Dom Leme foi o grande articulador da reaproximação entre a Igreja e o Estado e da recuperação da influência católica junto à sociedade civil. Em todas as suas atuações nesse sentido, sempre contou com a contribuição dos liguistas, como na escolta da imagem de Nossa Senhora Aparecida durante seu traslado até o Rio de Janeiro, capital federal, em 31 de maio de 1931, quando foi coroada Rainha do Brasil após ser proclamada padroeira principal da nação, e na ocasião da inauguração ao monumento do Cristo Redentor, no Corcovado, em 12 de outubro do mesmo ano.
Sob essas duas lideranças, o Brasil se tornou o maior país Liguista do mundo, superando inclusive a Bélgica onde a associação surgiu.
Devido a esse grande crescimento, tornou-se necessário o estabelecimento no Brasil de uma Sede Primária para a Liga Católica, como a existente em Liège, onde foi fundada, a fim de agregar todas as unidades da associação no país. A Liga Católica da Igreja de Santo Afonso, no bairro carioca da Tijuca, por ser a mais expressiva em número de membros e, à época, estar situada na capital do país, recebeu, através da concessão de Breve Apostólico, datado de 14 de novembro de 1922, o status de Liga Primária, com a faculdade exclusiva de agregar todas as unidades no Brasil.

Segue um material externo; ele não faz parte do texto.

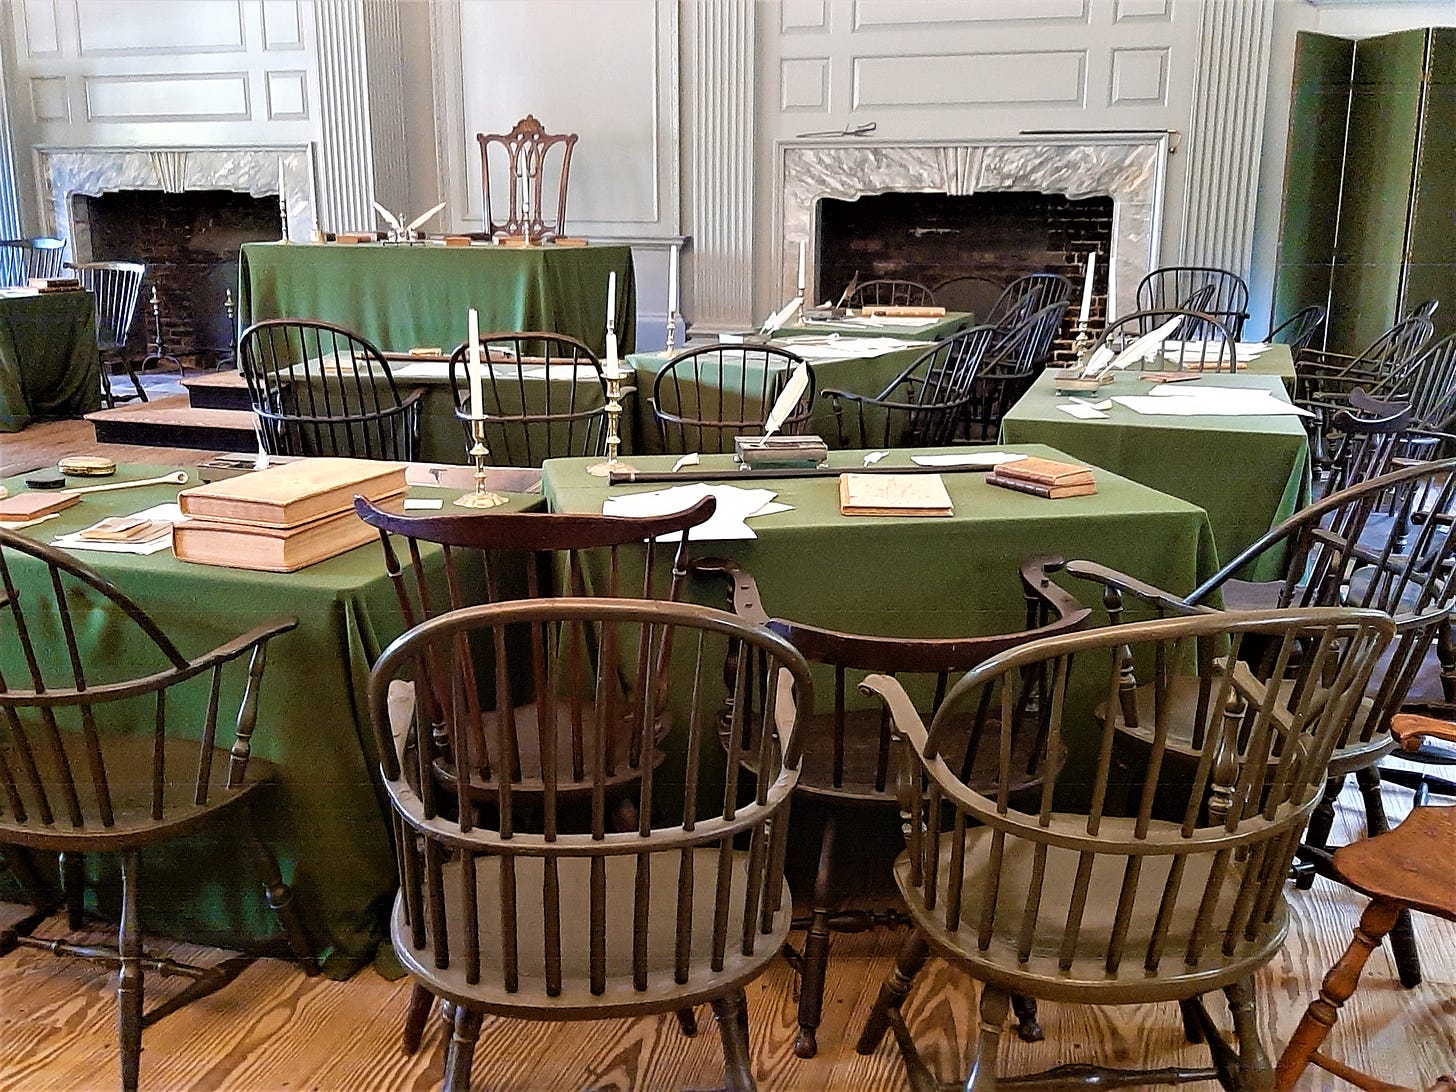 Old wooden chairs around tables with green cloths where the founders created the declaration of independence.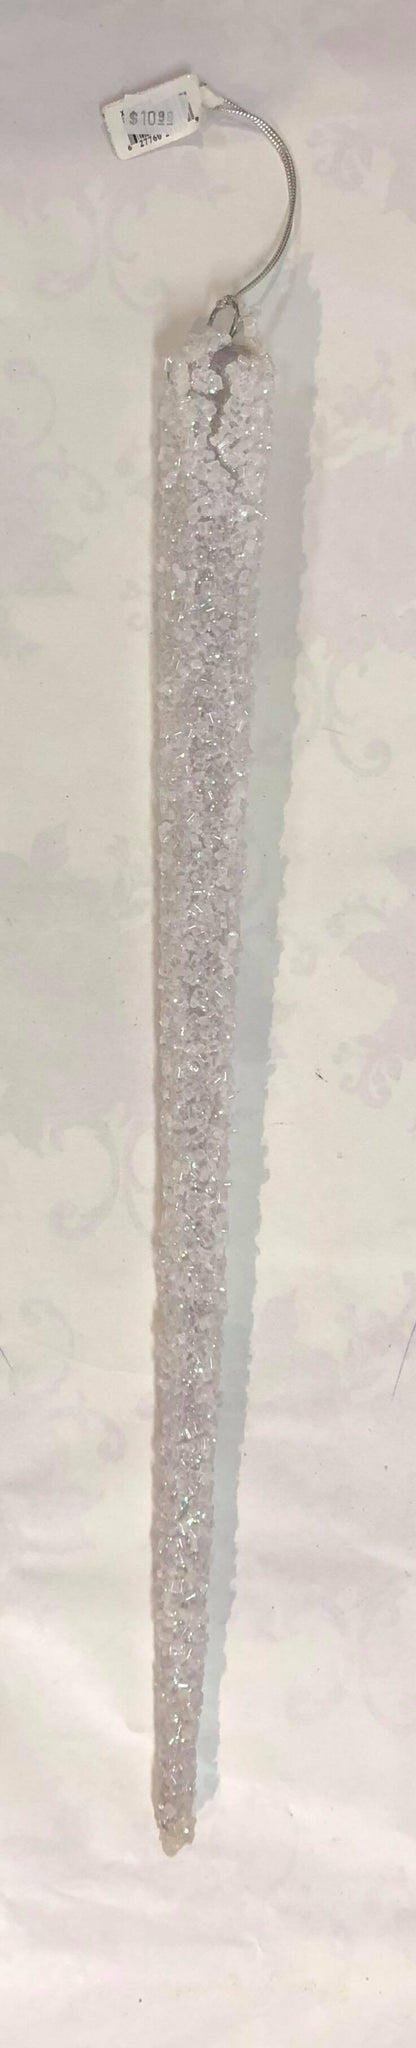 Large icicle ornament

A Liga Católica se reinventa

Com as transformações ocorridas na Igreja Católica a partir do Concílio Vaticano II, na década de 1960, a Liga Católica passou por reestruturações, a fim de melhor dialogar com o mundo e atingir seu maior objetivo: a vida familiar.
Nesse sentido, não havia mais motivações para a admissão exclusivamente masculina de membros. Sob a direção espiritual do Padre Mário Ferreira, C.Ss.R., a Liga Católica foi aberta a participação feminina, tornando-se, assim, uma associação católica voltada para toda a família.
Atualmente as diversas unidades da Liga Católica encontram-se agrupadas em níveis diocesanos ou arquidiocesanos nas chamadas federações, sendo a unidade de nossa Paróquia a sede da Federação que abarca as unidades dos territórios da Arquidiocese de Juiz de Fora e da Diocese de Valença, localizada no Estado do Rio de Janeiro. Todas as 23 federações encontram-se, por sua vez, agrupadas em torno da Confederação das Ligas Católicas Jesus, Maria, José, situada na cidade de Campos dos Goitacazes, no norte fluminense. A direção espiritual nacional da Liga Católica fica sempre à cargo de um padre redentorista da Província do Rio, Minas e Espírito Santo, sendo o atual diretor, nosso recente ex-Pároco, Padre Edson Alves da Costa. Ele destaca a atualidade do lema “Ora et Labora” (orar e trabalhar), hoje não só tarefa dos homens, mas de toda a família, em busca de sua santificação.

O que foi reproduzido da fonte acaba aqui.